Activity
Please return only the lines from the one with "Mississippi Rebels Full" through the final line of the data, unchanged, with pictures omitted.

Data below

#####

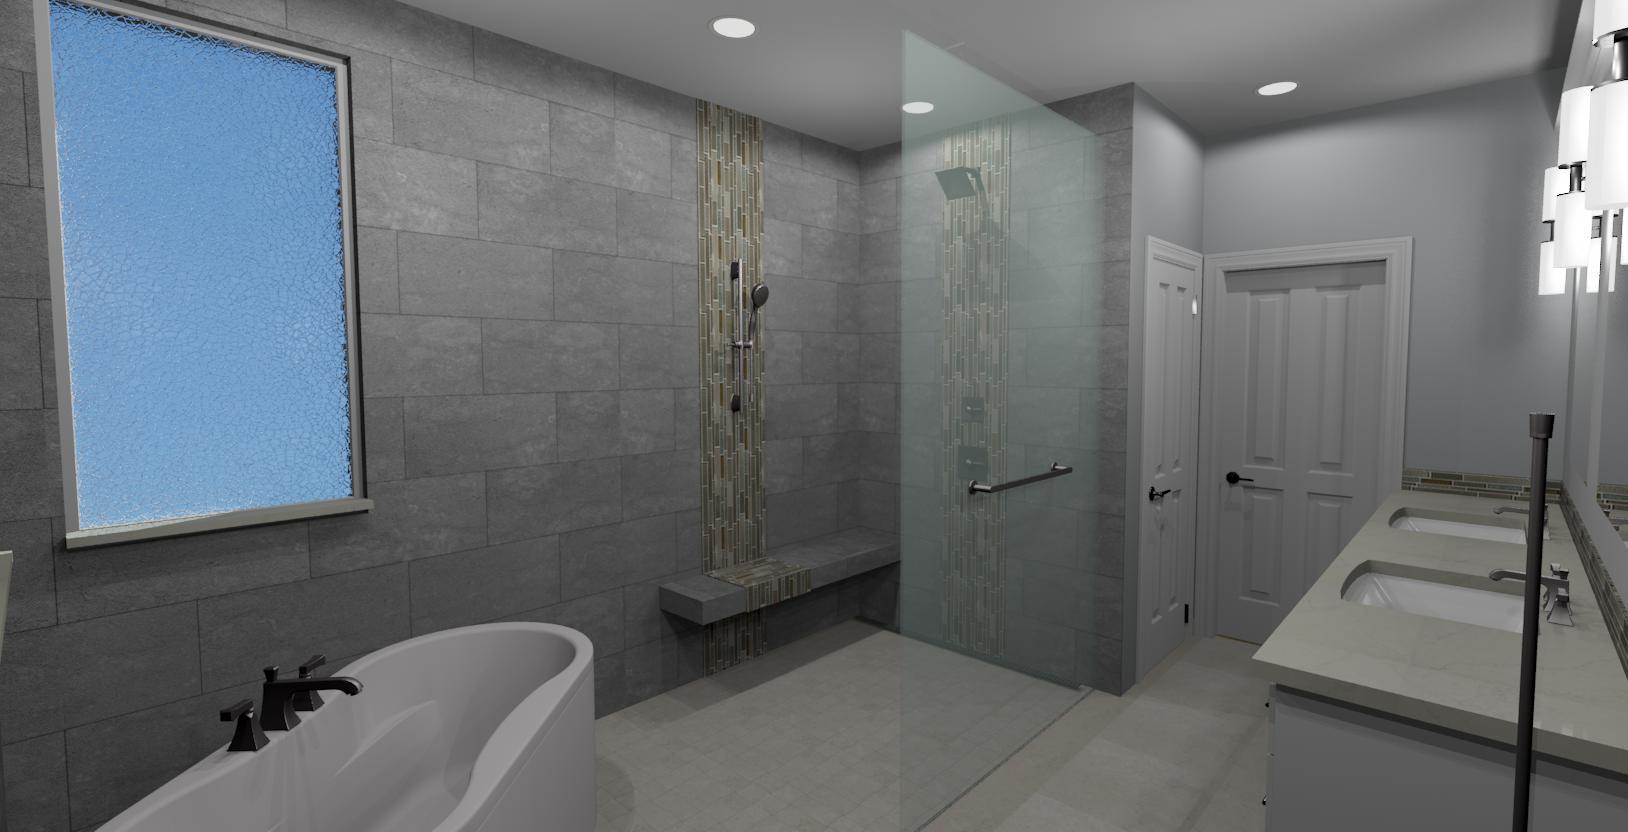 3D full bath remodel design rendering
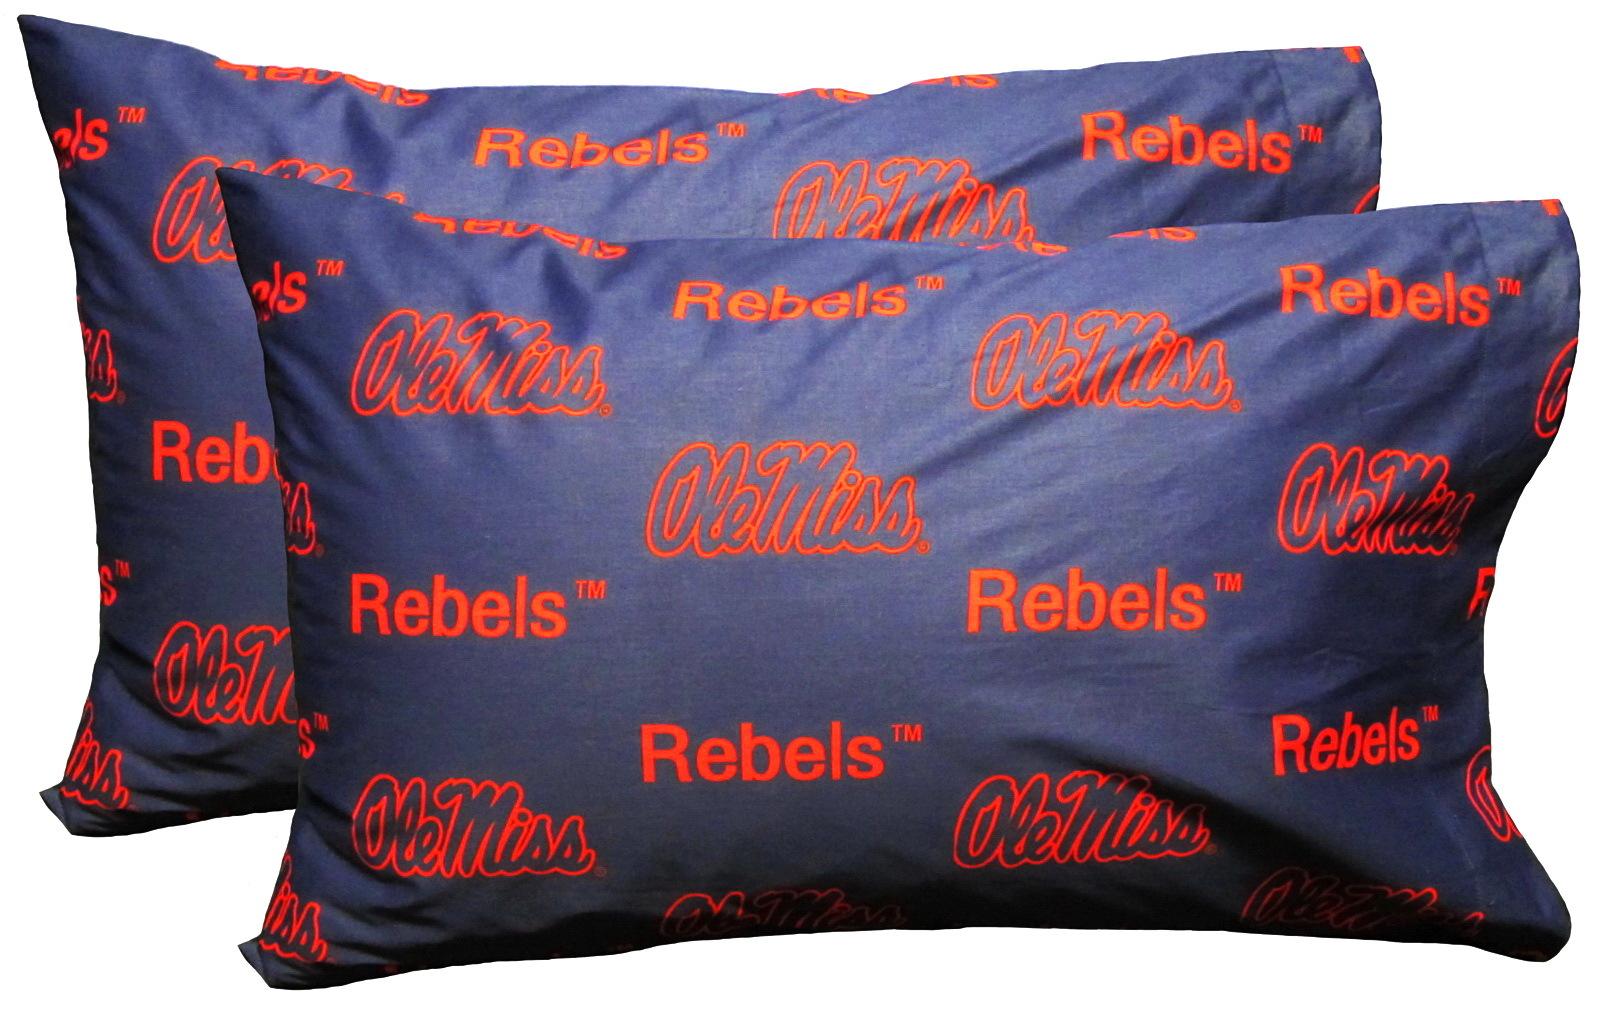 Mississippi Rebels Full Sheet Set Cotton Team Color Ole Miss
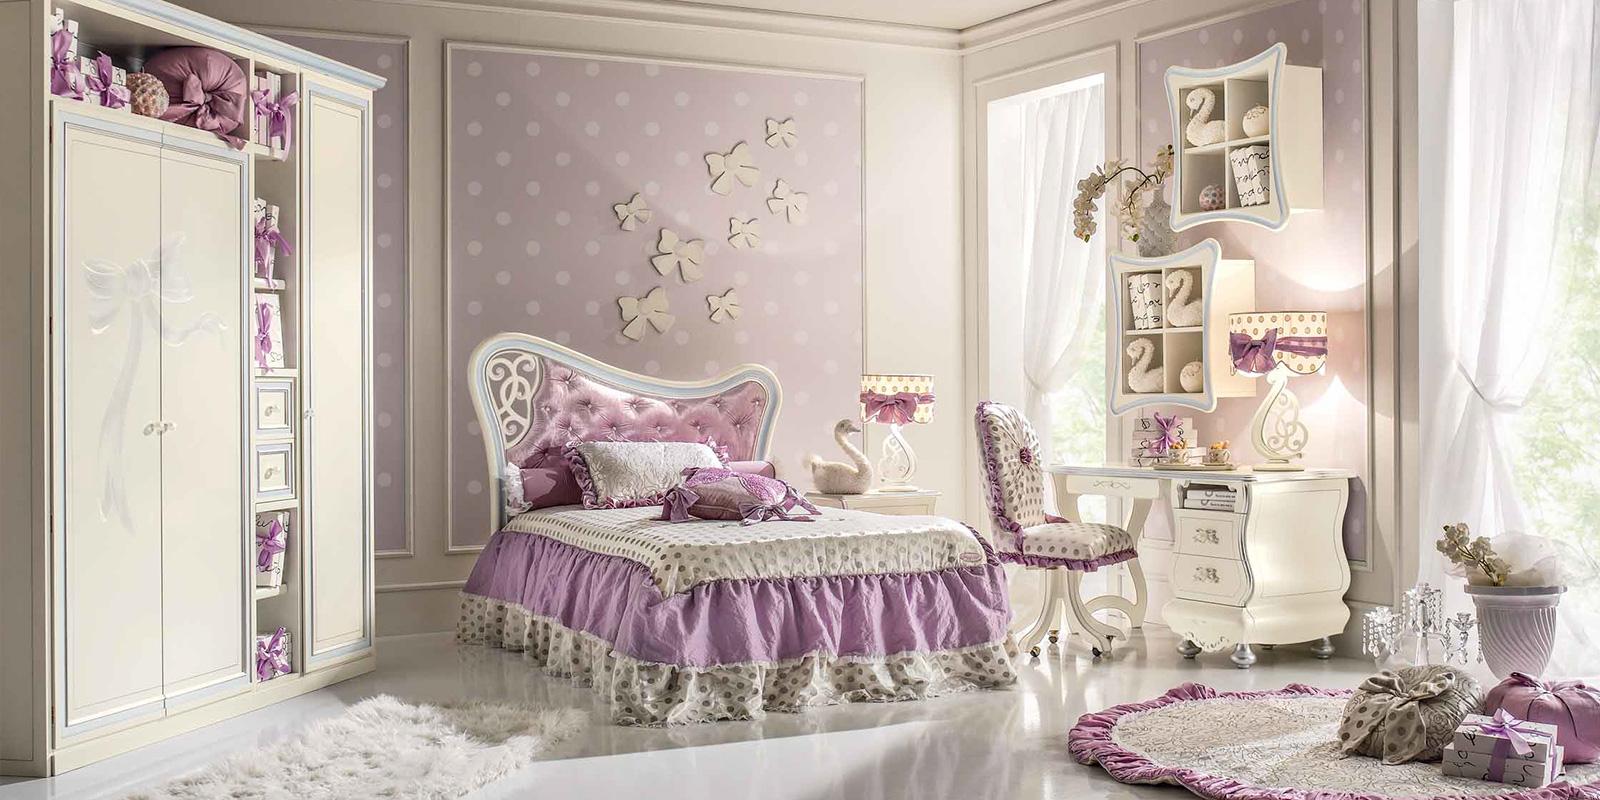 Salone del mobile 2015 fuorisalone design camerette for Camerette romantiche

#####

Result of this task
 Mississippi Rebels Full Sheet Set Cotton Team Color Ole Miss
 Salone del mobile 2015 fuorisalone design camerette for Camerette romantiche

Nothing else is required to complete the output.